Erick Davila has spent nine years on death row after used a laser-sighted semi-automatic rifle to spray bullets at about 20 people — more than a dozen of them children — in apparent retaliation for an attack by one of the people attending the party.

Annette Stevenson, 48, and her granddaughter, Queshawn Stevenson, were killed in the 6 April 2008 attack and four others were wounded, including the girl celebrating her ninth birthday.

​Davila is due to be executed by lethal injection, but lawyers in Fort Worth have asked the US Supreme Court for a stay of execution.

If the execution goes ahead, Davila, 31, would be the fifth Texas inmate executed this year, and the ninth in the US.

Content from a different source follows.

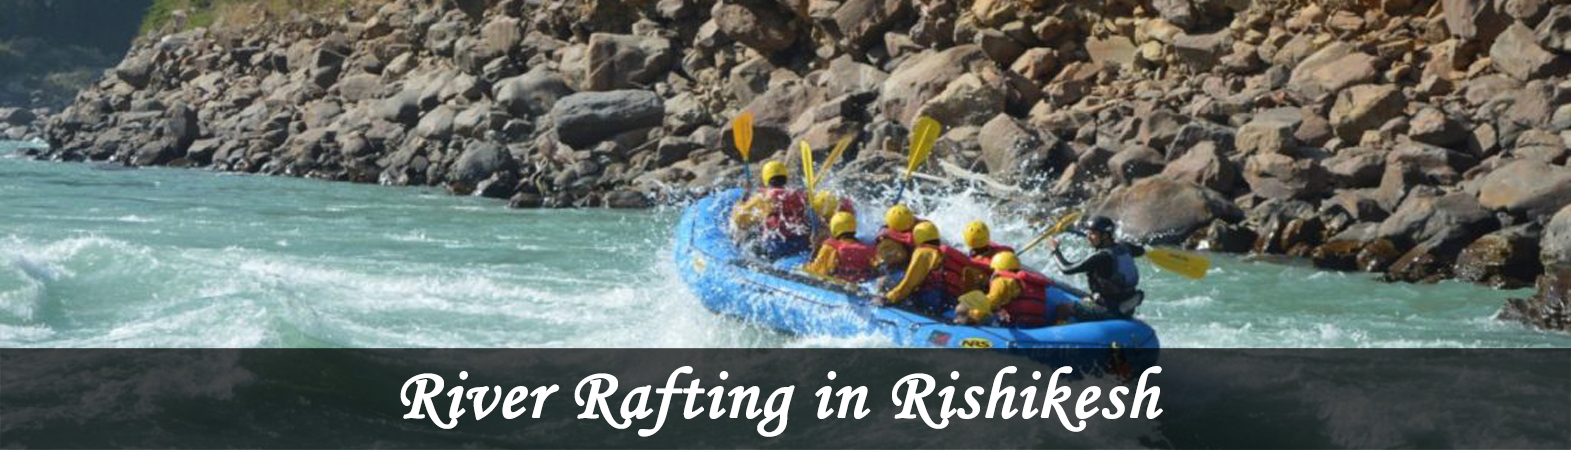 River Rafting in Rishikesh, Rishikesh River Rafting

Queshawn Stevenson’s sister, then aged 11, testified she saw a man inside a dark car holding a gun with “a red dot” and a short time later saw him standing next door and shooting. Davila was caught the next day after a brief police chase.

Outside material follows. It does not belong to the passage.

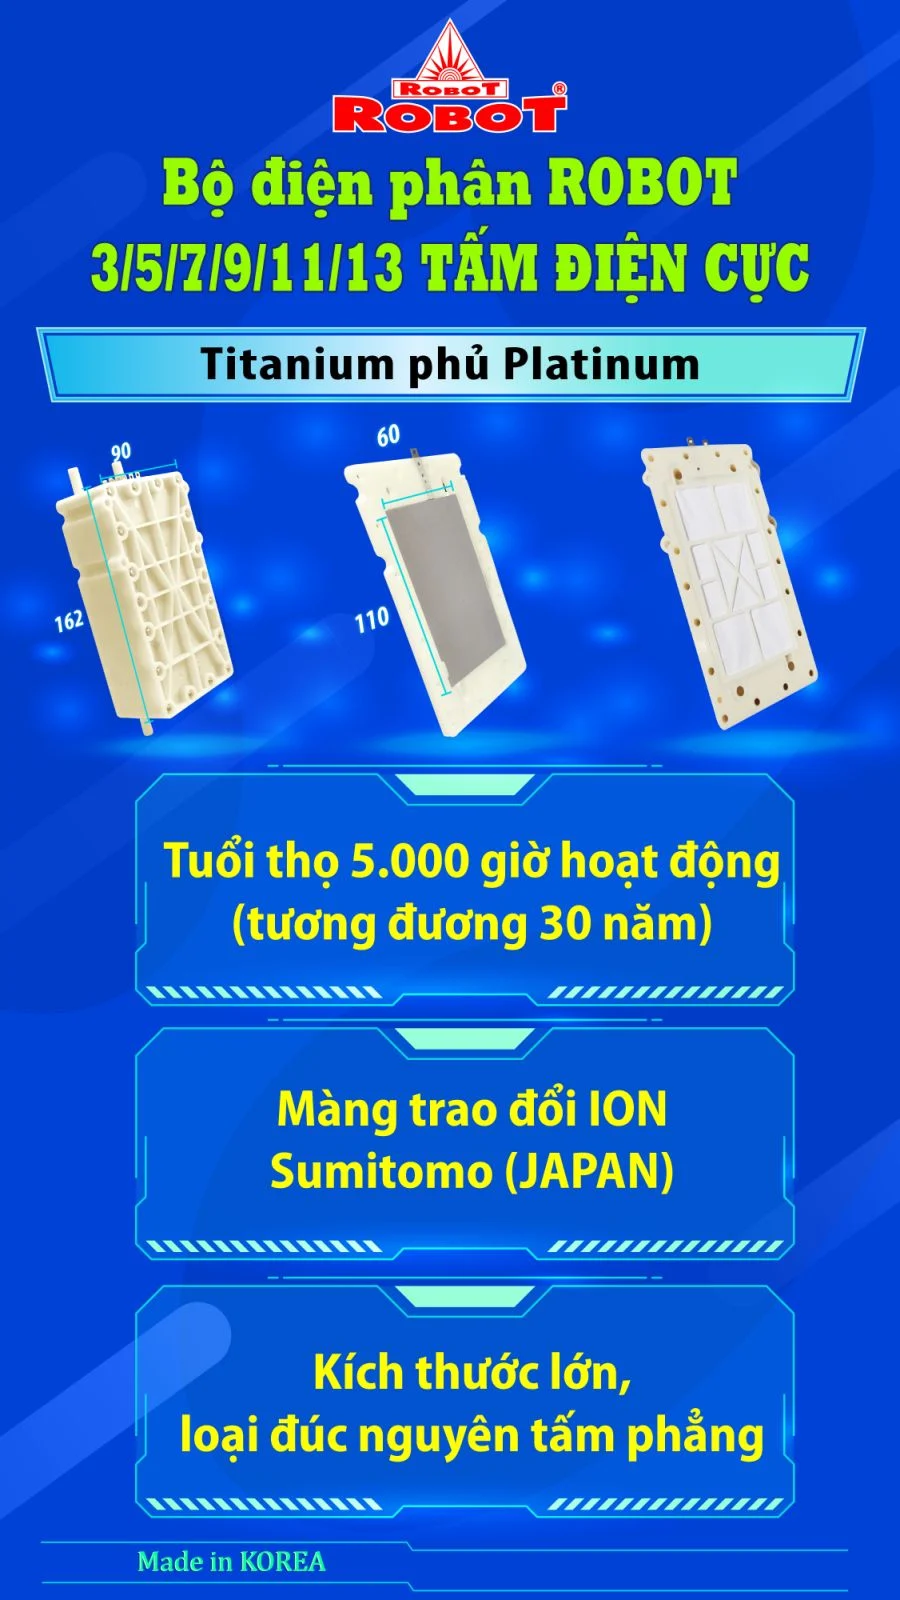 Bộ điện phân đến 3 tấm điện cực Titanium phủ Platinum của IONQUEEN 511

Lawyers for Davila argue his execution should be stopped because it was improper for his trial judge, Sharen Wilson, now the Tarrant County district attorney, to request an execution date.

They also questioned the role of a lawyer working with Ms Wilson on capital appeals cases who had represented Davila in an earlier appeal.

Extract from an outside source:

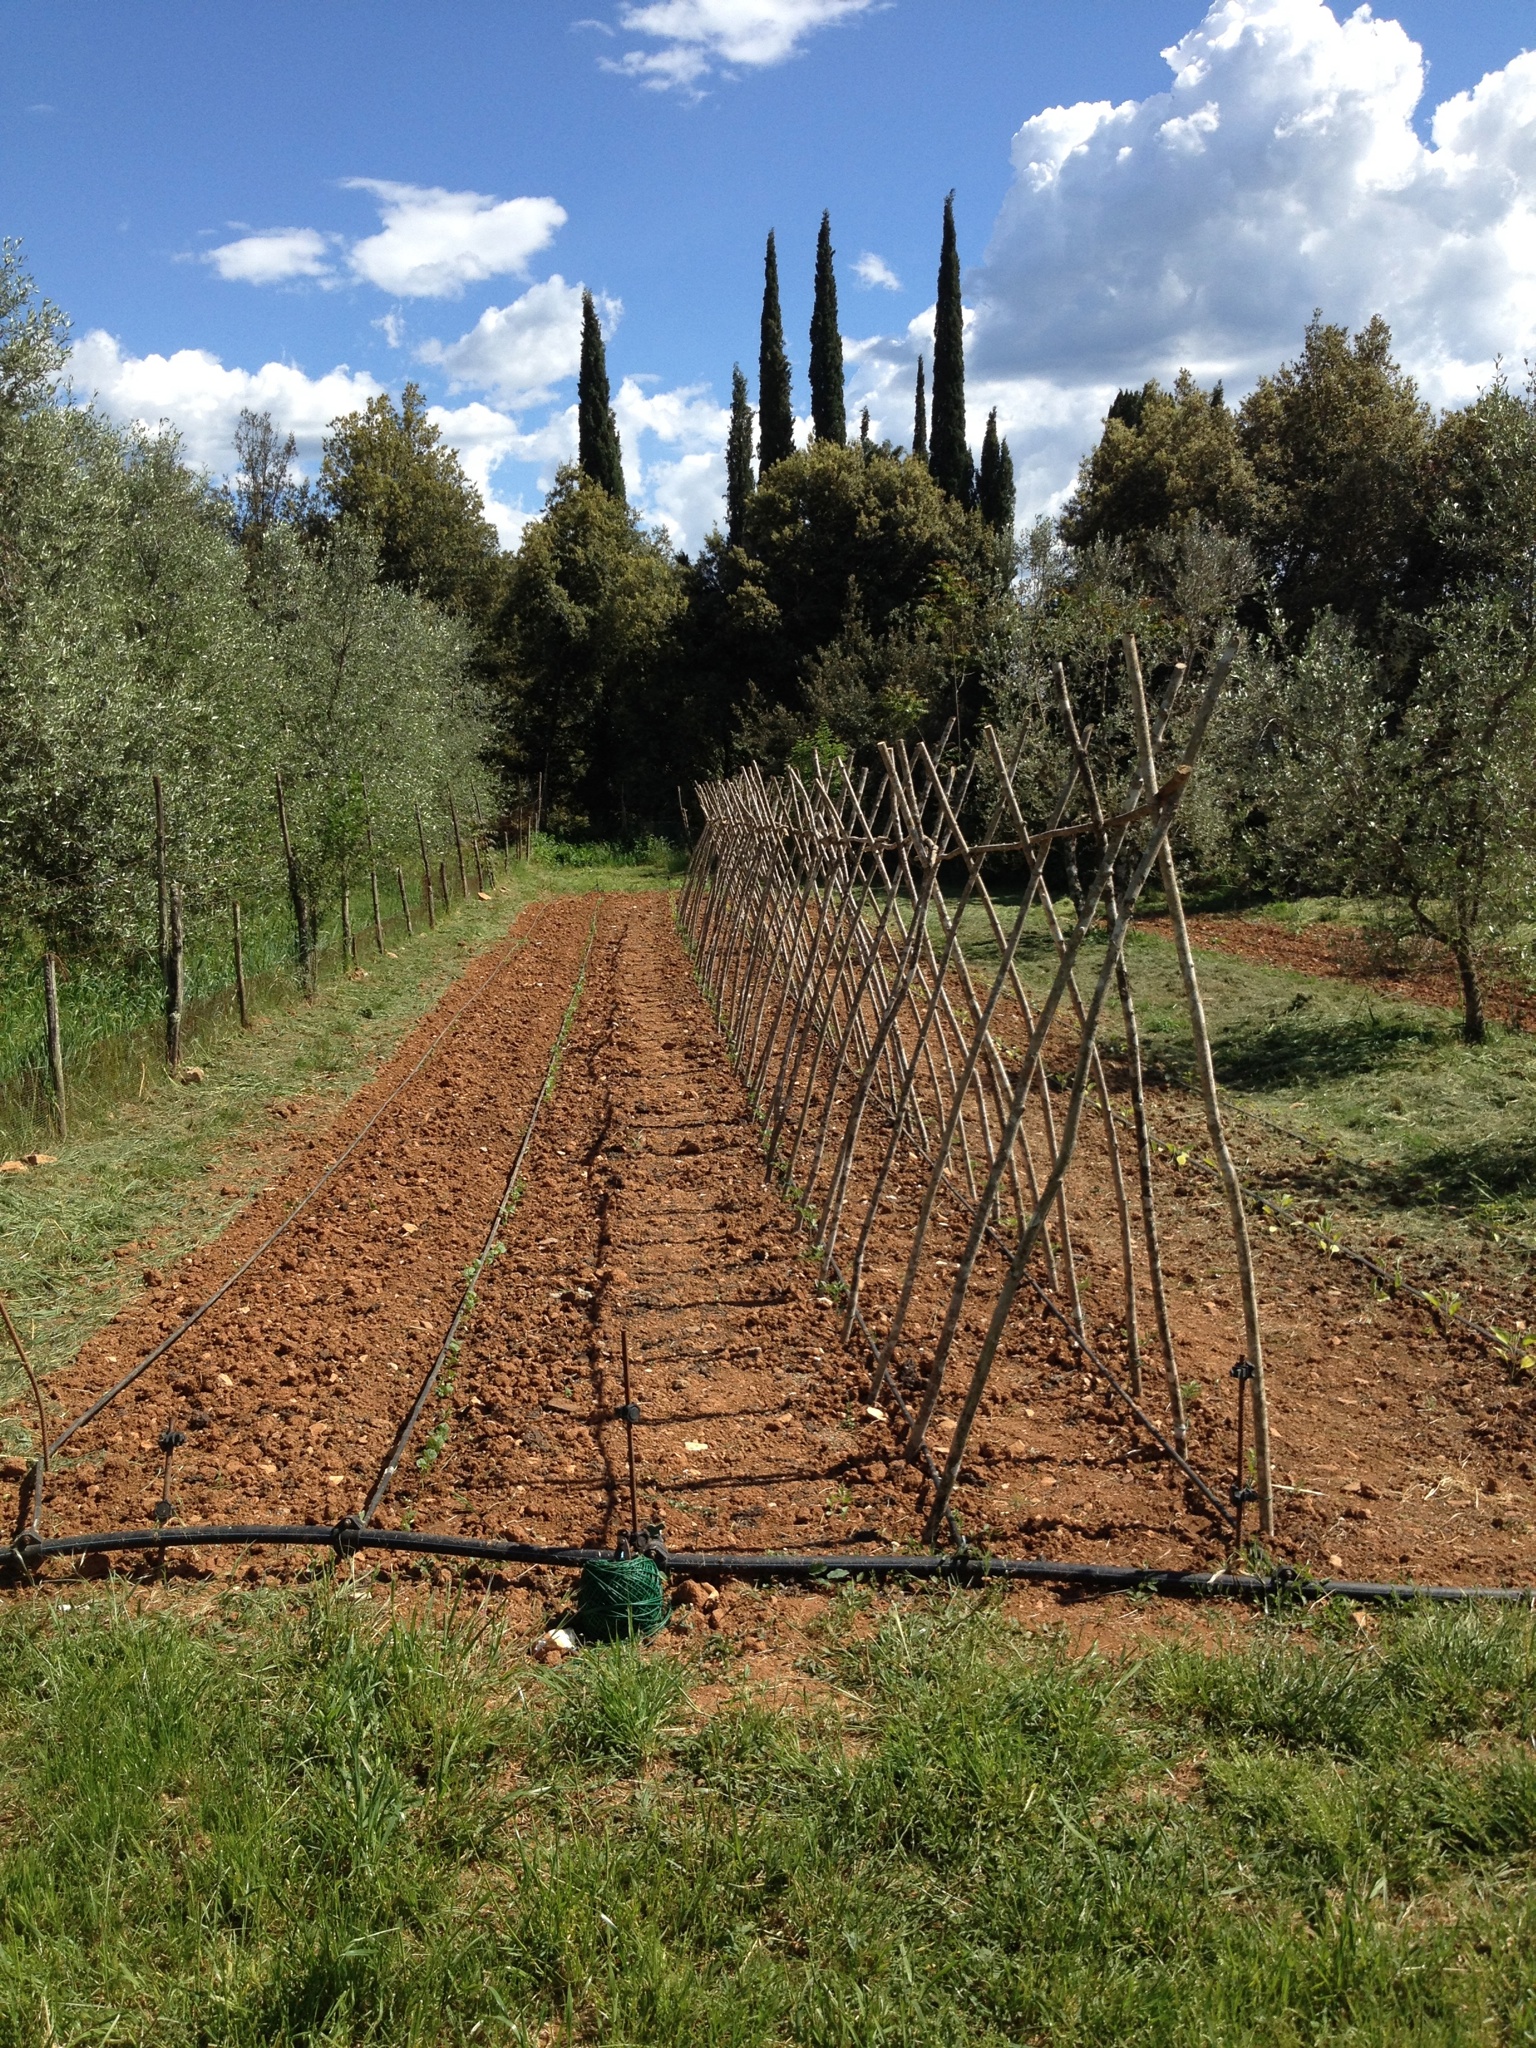 Bean and asparagus plots at Spannocchia

Prosecutors withheld information that Davila was so high on drugs during the shooting he was “likely intoxicated to the degree that it would have rendered him temporarily insane,” lawyer Seth Kretzer told the high court in a legal document. He argued the detail could have influenced jurors to decide on a lesser penalty.

State attorneys said Ms Wilson never represented Davila and state law and court rulings allow her office to represent the state’s interests in the case. Prosecutors also argued Ms Wilson prohibits assistants from participating in cases where they were defence lawyers and that the court followed the state’s capital sentencing procedure.

They said evidence shows Davila’s trial attorneys were provided notes from police investigators, that voluntary intoxication is not a defence under Texas law and that the shootings were intentional and deliberate. Katherine Hayes, an assistant Texas attorney general, told the justices Davila told detectives he went “to a shoot ‘em up". was trying to “get the guys on the porch” and never mentioned any intoxication to police.

Defence lawyers at Davila’s trial tried to show he did not intend to kill multiple people, a criterion for the capital murder charge. They argued he only intended to kill Jerry Stevenson, whose daughter and mother were shot to death. Authorities said Stevenson belonged to a rival gang and that Davila believed members of that gang shot him in 2005. Stevenson denied belonging to the gang.

Davila was accused but not tried in another fatal shooting just days before the birthday party killings. While awaiting trial for capital murder, he also attacked Tarrant County jailers and maintenance workers during an escape attempt. He previously served prison time for a 2004 burglary in Tarrant County and was released after about a year.